StlukesguildOhio said:


> _the wealthiest courts at this time (the Baroque) would be in Spain, France, and Britain... _


In the 16th and 17th Centuries Spain and Holland were the richest.
Between the 17th and 18th Centuries we see the rise of Austria, France and Britain.
Prussia (Germany) didn't even begin to catch up till the mid-19th Century.

Bismarck never could have fought wars with Denmark, Austria, and France without the financial macinations of Bleichröder and his connections with the Rothschilds.

http://en.wikipedia.org/wiki/Bleichroder


----------



## Boccherini

Roberto said:


> To Boccherini
> 
> Music is undoubtedly enormously influenced by the culture of the times, as indeed are the composers themselves made by the times in which they live.
> 
> Music expresses emotions just as language does (although of course not in the same way). Just as a writer expresses his feelings in a poem or story, a composer expresses his feelings in music. Of course the emotion is not registered or felt until there is a listener or reader. The message must have a receiver. I am not saying music is a language exactly (a very complicated issue), but that it resembles a language in a number of respects. Music does not have a psyche - but it records happenings in the psyche of the composer, otherwise to would not be an art.
> 
> You are right about morality, but not I think about Wagner: some of his writings are immoral, but his music? That would be very difficult to prove.


Yes, exactly as I said; A writer/composer-reader/listener-relationship might include emotions, but poem/music, per se, doesn't contain emotions in all respects. Therefore, it's incorrect to say that "Music expresses emotions" - implies its autonomic entity, the only one who have these psychological bugs is the reader/listener himself by interpreting it the way they're being affected.

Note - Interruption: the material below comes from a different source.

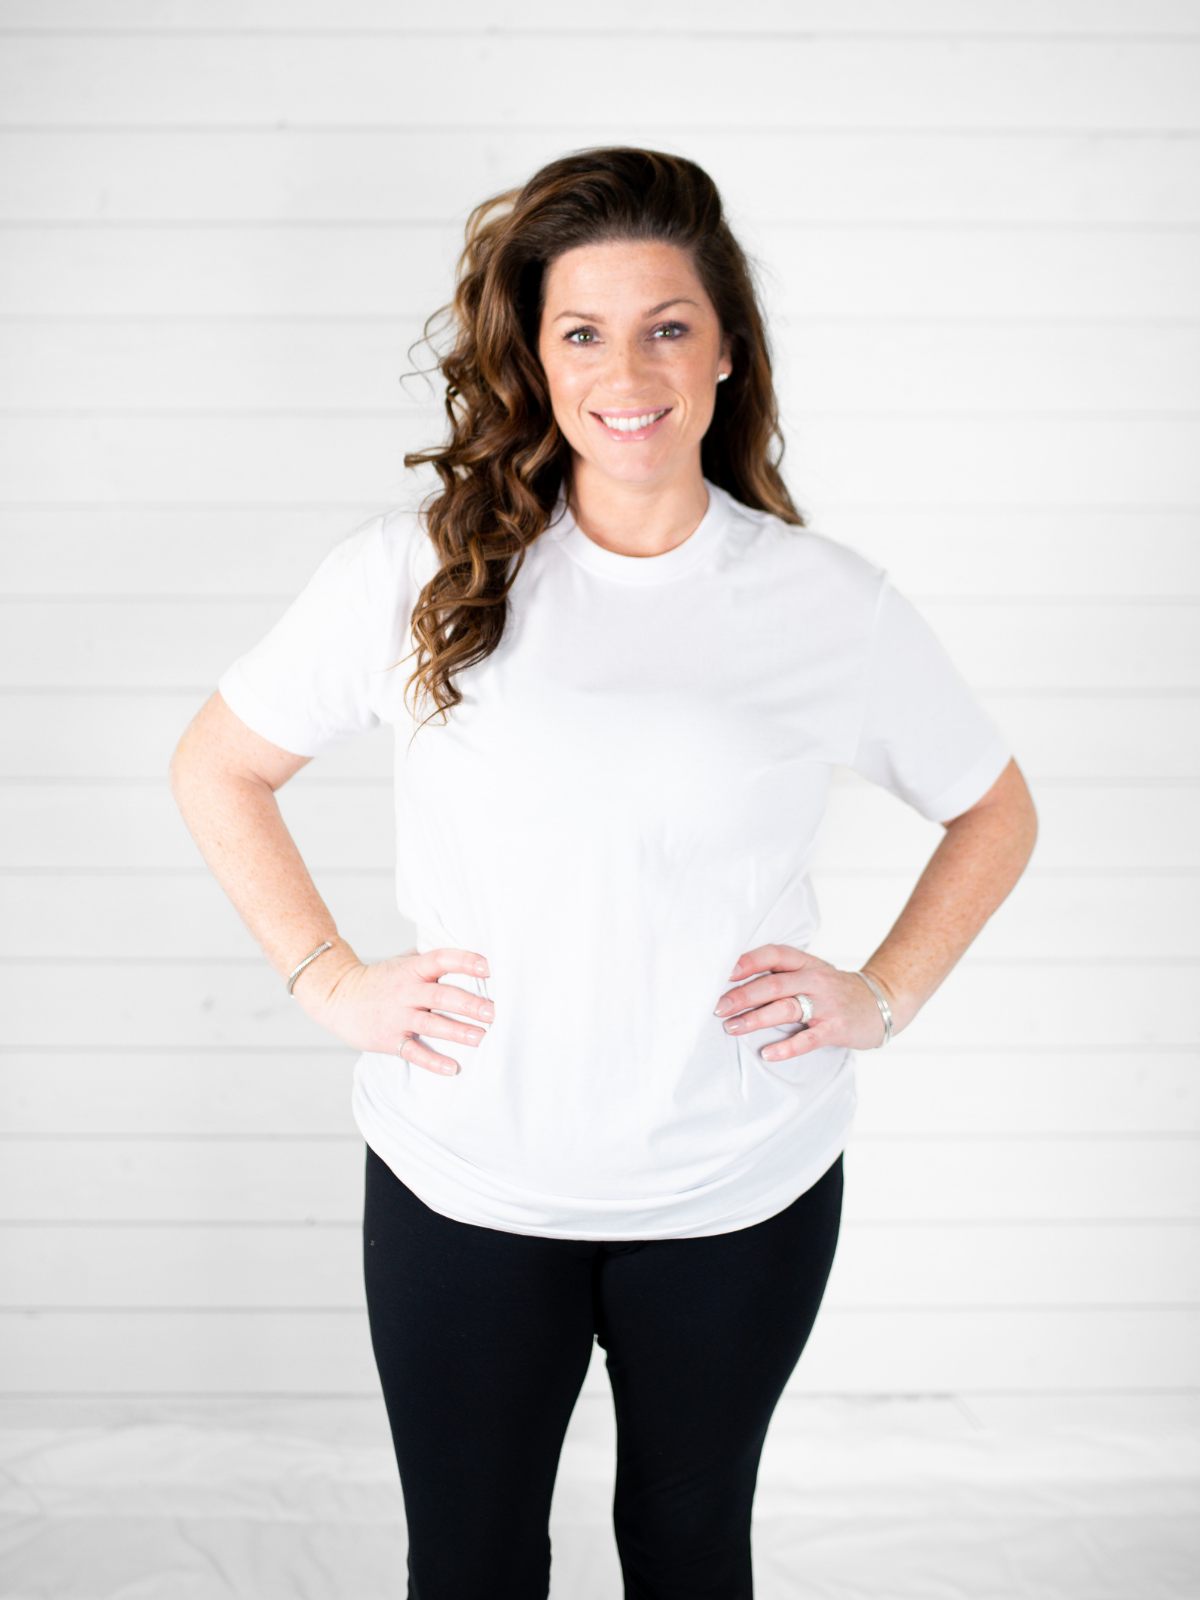 Unisex Adult Short Sleeve Shirts - ARB Blanks
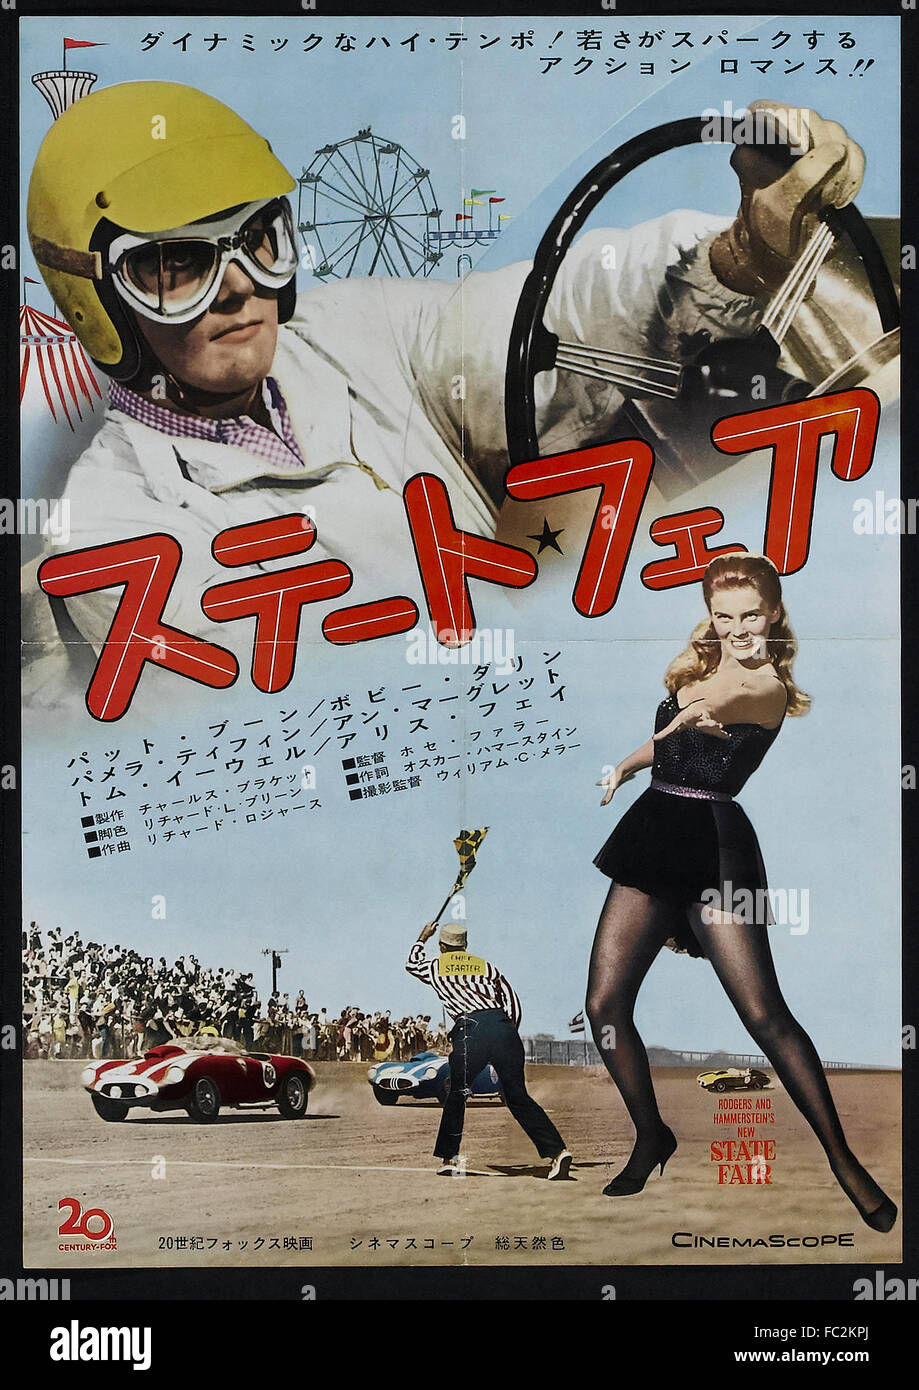 State Fair (1962) - Japanese Movie Poster Stock Photo

Secondly, some of Wagner's writings are immoral? Do you make that seperation between the artist and his artistic creations? His whole conception was terribly immoral and therefore - considering he wasn't a hypocrite - all his creations, whether be philosophical or musical, are immoral. But as a matter of fact, you could simply watch his operas, especially the later ones.


----------



## Aramis

What writings by Wagner do you consider immoral? Have you actually read any? Or are you one of those silly creatures that follow the Wagner-Hitler-Jews stereothype?


----------



## Toccata

Aramis said:


> What writings by Wagner do you consider immoral? Have you actually read any? Or are you one of those silly creatures that follow the Wagner-Hitler-Jews stereothype?


Stirring up a hornets nest. Should be interesting.


----------



## Head_case

> "Music expresses emotions"


Not even OTT opera?!


----------



## Boccherini

Aramis said:


> What writings by Wagner do you consider immoral? Have you actually read any? Or are you one of those silly creatures that follow the Wagner-Hitler-Jews stereothype?


Hmm. I wonder whether you are one of those imbeciles who pretentiously cherry-picking and insist to ignore other factors when judging someone. Oh, the ignorance. I've already felt it here when several persons thought Hitler is not the greater mass murderer of all times.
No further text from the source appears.